If you asked a random non-Christian to cite a Bible verse, not quote, but just cite a chapter and verse, there’s a good chance they’d say John 3:16. It’s as good a summary of the gospel as one verse can provide, and it’s one of the verses I’ve quoted the most on this blog. In response to a reader suggestion, I’ve figured out what Bible verses I’ve used the most and am writing a series about those verses. Today’s post is #3 of the series, covering the verse quoted the 3rd least out of the 10 most quoted:
“For God so loved the world, that he gave his only Son, that whoever believes in him should not perish but have eternal life.”
Reading back over the posts where this verse has appeared, I see three ideas I tried to share: what God’s love means for us, what love has to do with “eternal life”, and what “world” God loves.
The first idea is that we would all be eternally lost if not for God’s love. Since we all fall short of God’s standards, what we deserve is to be banished from God’s presence forever. In His holiness, He can’t be near us, and in His justice, He must judge our sins. However, Romans 5:8 tells us: “but God shows his love for us in that while we were still sinners, Christ died for us.” Without God’s love we would always be sinners, but because of His love, we have a way back to a right relationship with our God. In one post here, I wrote “Christianity is not judgement, but the only way of escape from it.”
Second, what is this “eternal life” that we can have because God loves us? I’ve written that “If man had not rejected love, Christianity wouldn’t be necessary; but also, if Christianity does not restore mankind to agape love, it’s pointless.” When we are brought back into a right relationship with God, it puts us on an inevitable course toward a new world where we will all love perfectly, as Jesus loved perfectly. Unless heaven is going to be full of loving people, it’s not going to be the perfect place that God is preparing for us. So, “eternal life”, given to us because of God’s love, is our future, perfect selves living with God for eternity. The possibility of this is so amazing that God decided it was worth dying for!

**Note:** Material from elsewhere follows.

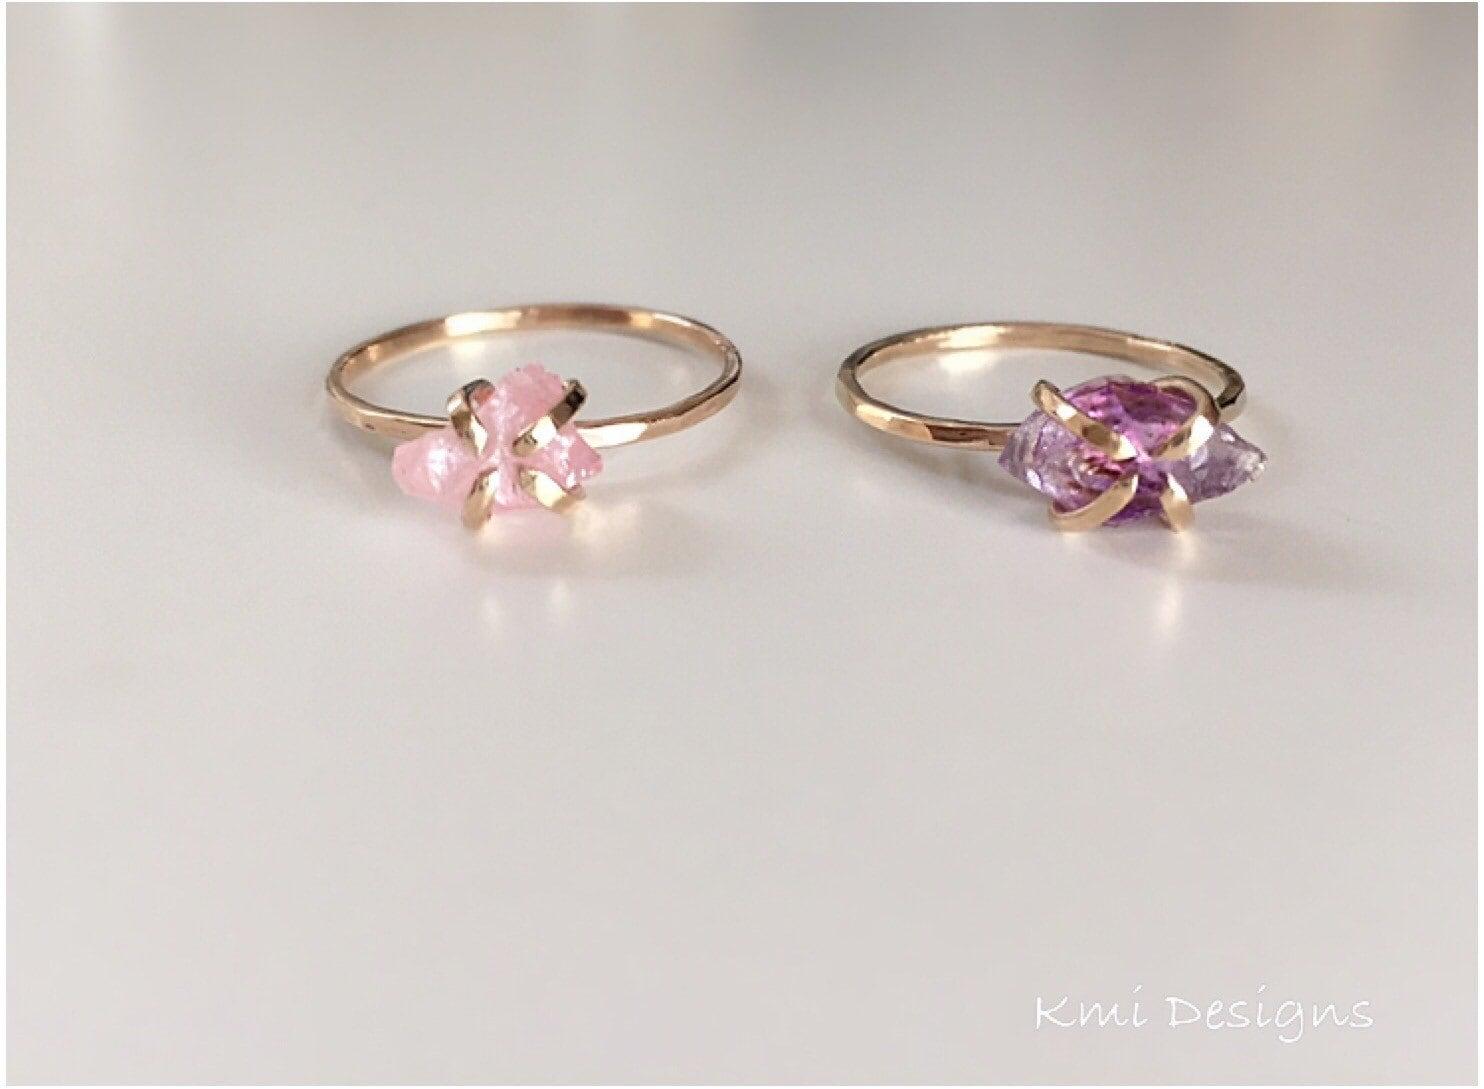 Rose Quartz Ring Engagement Rings Rose Quartz By. Gps Tracking Device Ankle Bracelet. Traditional Gold Wedding Rings. Brass Necklace. Purse Bracelet. 20 Diamond. Big Gold Bracelet. Large Gold Lockets. Golden Bangles

Last, I’ve also written that “when I’m struggling to face the world as I see it, I ask about [John] 3:16, ‘Exactly which world did Jesus love enough to die for?’ The answer is this one. The world He died for is the one where sex, anger, bitter tribalism, and political partisanship sells. The one with a lot of sarcastic, angry, and bitter people. The one with a lot of people who are more like us than we’d usually like to admit.” God didn’t love a world full of His people because without His love, He would have no people. He loved a world full of sinners, as Romans 5:8 told us. If God had decided that this world was hopelessly lost, He wouldn’t have bothered to send Jesus to give it hope.
This is the same world that God calls us to love, and to bring hope in the name of Jesus. While we are in this world, God is already making us like Him, more loving, and in sharing that love with others we share a hope in a world where love is all there is.
So, remember, “For God so loved the world, that he gave his only Son, that whoever believes in him should not perish but have eternal life.”